If you’re like me, when you latch on to a new hobby, you bite down…hard. You’re all consumed with dabbling in your new craft, often at the expense of family and friends. Lately, I can’t seem to pry my camera from my hand. I just keep snapping and snapping and snapping…and I’m sure it’s fairly annoying for my children and husband. And to be quite honest, it’s sucked some of my creative energy from my writing. But I’m trying to just go with it. I don’t want to do it for money, or take classes, or compete with others. I just want to do it for the sheer pleasure of seeing what I can capture.
So tonight, as the golden sunset began forming on the horizon, the wheat field wet with dew from an evening shower, my mind began to wander and my eyes strayed out the window as I gave my girls their bath. “There will be other sunsets,” I told myself.
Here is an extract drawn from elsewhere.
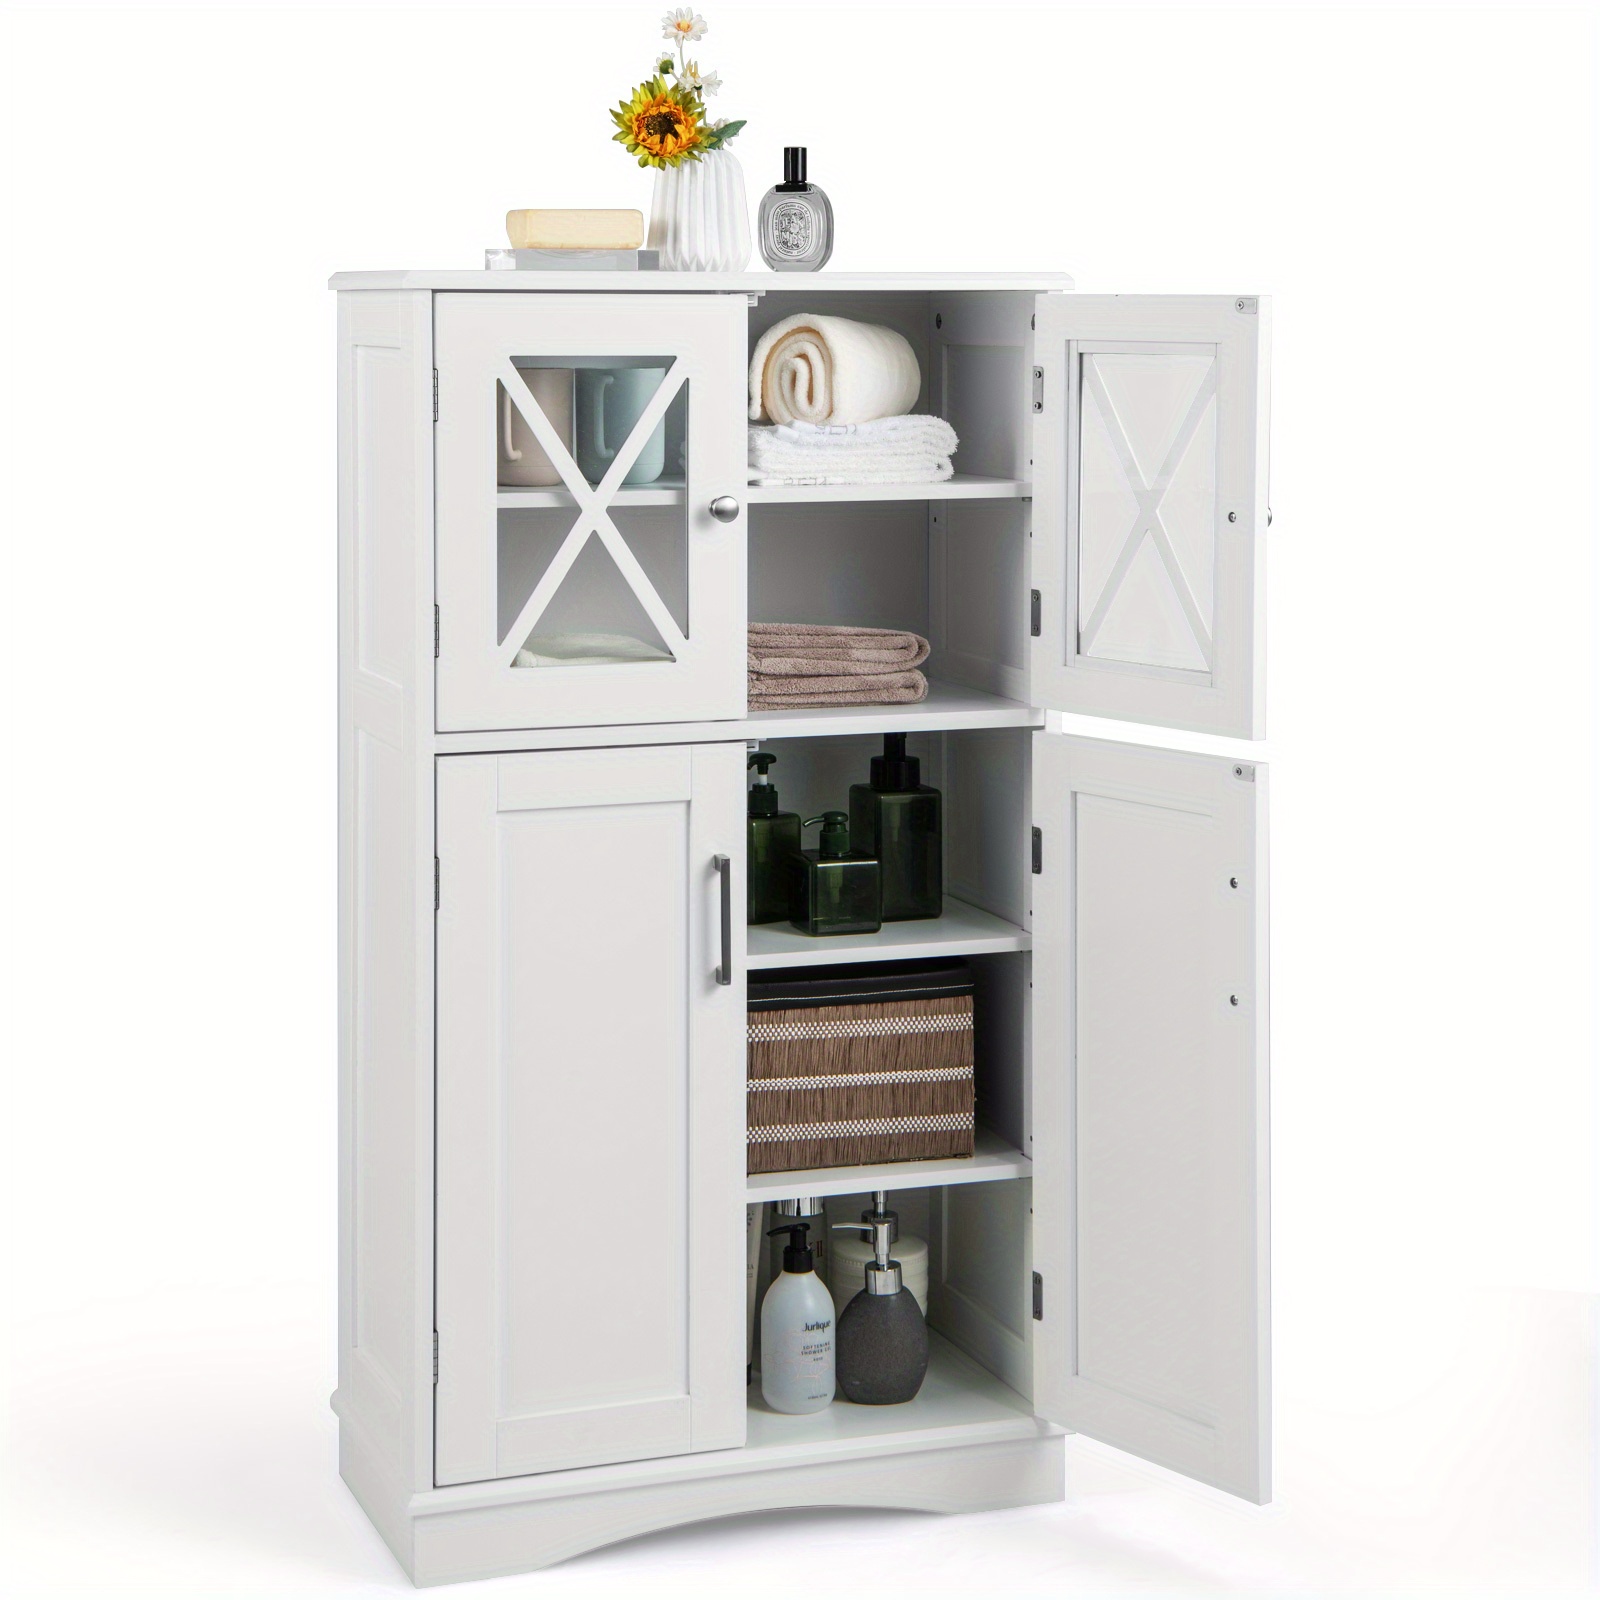 

Giantex Bathroom Storage Cabinet Linen And Adjustable Shelves

As I rested my head on my arms against the tub, my knees a bit damp from the splashes on the rug, I settled into my toddler’s sweet face, and enjoyed the moment. She’s always so lively in the bath, narrating intricate stories, of which I can understand approximately half.
My husband’s sudden presence in the bathroom startled me. He’d worked a long, hard day, and was doing the dad thing, resting in the recliner. “Grab your camera, go outside.”
My first thought was deer. They were probably up close to the house, and he wanted me to get a shot. I jumped up. “What did you see out there?” What he said next was quite possibly the sexiest thing he’s ever said to me. “It’s really pretty out, and I know you like taking pictures.”
The feeling I had can only be compared to when you come down the stairs on Christmas morning, and see THE box. The one you know contains that thing you’d been praying for all year. You can’t wait to rip it open. I can’t remember if I said another word. I just threw on my flip-flops and hurried out the door. The battery on my real camera was dead, so my iPhone would have to do.
Like a drunk bellying up to the bar, I took shot after shot. Bending, squatting, experimenting until the moment was gone. Deliriously, I swiped through the images on my phone, so pleased with what I’d captured. “That’s cool,” was my husband’s response, his arms wrapped tight around our toddler, still wrapped in only a towel after her bath. She threw a fit when she saw mommy outside without her. He may not appreciate the photos I’m taking (it’s just not his thing), but he gets it. He knows what it’s like to be fired up about something, and have the freedom to just do your thing. He gets it. He gets me. And that is all I can ask for as a woman, as a wife. I am lucky. I am blessed. I am grateful.